Aktualności
Siwińska: Dziewczyny z U-19 wysoko zawiesiły poprzeczkę
To jest najlepszy czas na budowę nowej drużyny. Wierzę, że zmiana pokoleniowa przyniesie pożądane efekty – mówi Jolanta Siwińska, zawodniczka reprezentacji Polski kobiet. W środę o godzinie 11 na stadionie w Pruszkowie biało-czerwone zagrają towarzysko z Estonią.
Powołania do reprezentacji Polski kobiet na zgrupowanie i mecz z Estonią pokazują, że w kadrze dochodzi do zmiany pokoleniowej.
To naturalne, że młodsze zawodniczki wypychają z kadry starsze piłkarki. Taka jest kolej rzeczy. Potrzebowałyśmy młodej, świeżej krwi. Dobrze zdajemy sobie sprawę, że w tych eliminacjach nie mamy już szans na awans. To jest najlepszy czas na budowę nowej drużyny. Wierzę, że zmiana pokoleniowa przyniesie pożądane efekty.
Ma Pani dopiero 23 lata, a już kandyduje do miana najbardziej zaprawionej w bojach kadrowiczki. Przecież mistrzynie Europy U-17, które znalazły się w Pruszkowie, mają zaledwie po 18 lat.
Coś w tym jest, chociaż na zgrupowaniu jest kilka bardziej doświadczonych zawodniczek. Chyba nikogo nie muszę przekonywać, że dziewczyny zrobiły kapitalny wynik. Wszyscy wiemy, że drzemie w nich spory potencjał. Teraz tylko sztab szkoleniowy musi umiejętnie wprowadzić je do seniorskiej reprezentacji. Najważniejsze, że atmosfera w kadrze jest bardzo dobra.
Jutro w meczu towarzyskim zmierzycie się z drużyną Estonią, z którą wczoraj nasza kadra U-19 wygrała aż 5:0.
Rzeczywiście, młodsza reprezentacja wysoko zawiesiła nam poprzeczkę. Musimy jednak sprostać temu wyzwaniu i jutrzejsze zwycięstwo w takim samym stosunku to nasz absolutny plan minimum. Pamiętamy jednak o swoich założeniach na mecz. Wynik jest ważny, ale na równi z naszą grą i stylem. Wierzę, że z meczu na mecz nasza gra będzie coraz lepsza.
Kilka Polek gra w niemieckich klubach, ale spośród nich w kadrze na mecz z Estonią znalazła się tylko Pani.

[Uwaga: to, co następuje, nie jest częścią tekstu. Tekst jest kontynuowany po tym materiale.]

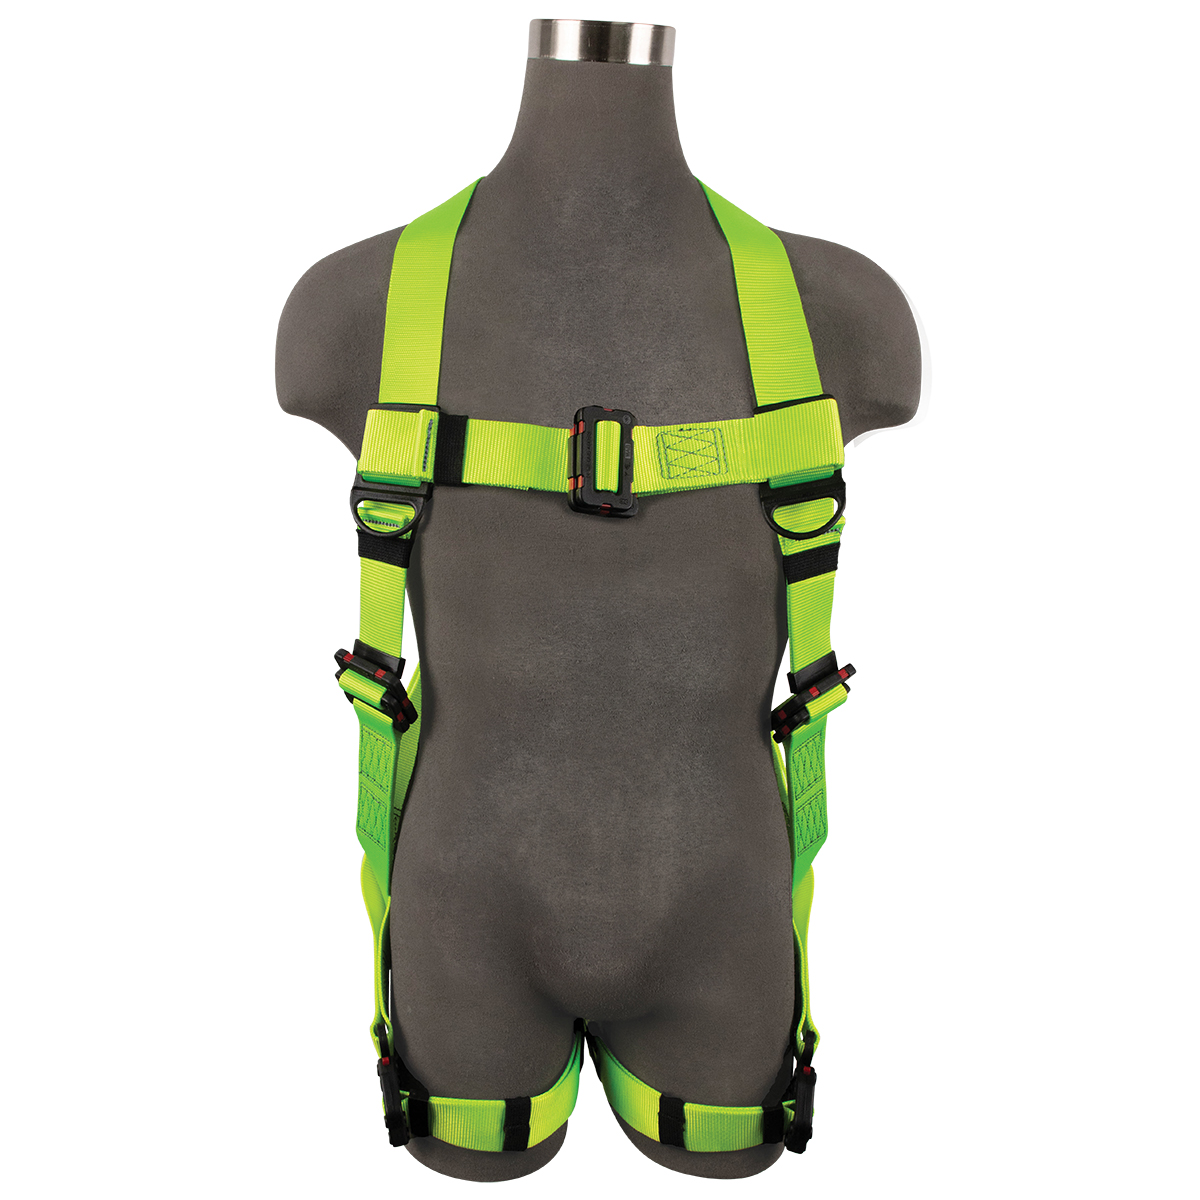 SAFEWAZE PRO+ Arc Flash Dielectric Harness with Pass through Dielectric on Chest and Quick-Connect Legs: X-Small

Na wyjazd za naszą zachodnią granicę zdecydowałam się rok temu. Mimo, że zabrakło wyniku sportowego, czas ten oceniam pozytywnie. Moja drużyna – Hohen Neuendorf – po meczach barażowych spadła z 2. Bundesligi. Ja jednak zostaję na drugim poziomie rozgrywkowym. W nowym sezonie będę grała w 1. FC Lubars. Póki co nie myślę o powrocie do polskiej ligi. Chcę zdobywać kolejne doświadczenie za granicą.
W takim razie podczas mistrzostw świata na pewno kibicowała Pani Niemcom?
Właśnie że nie. W finale trzymałam kciuki za Argentynę, bo mój główny faworyt musiał wracać do domu już po fazie grupowej. Liczyłam na Hiszpanię… Trzeba jednak przyznać, że Niemcy jak żaden inny zespół, zasłużyli na tytuł. Po prostu byli najlepsi. Do Polski przyjechałam na fazę pucharową. Mecze fazy grupowej oglądałam razem ze swoimi klubowymi koleżankami. Można powiedzieć, że miałam okazję chociaż trochę poczuć atmosferę mundialu. Dzisiaj widziałam obrazki z mistrzowskiej fety w Berlinie. Znając Niemców, musi być świetna zabawa!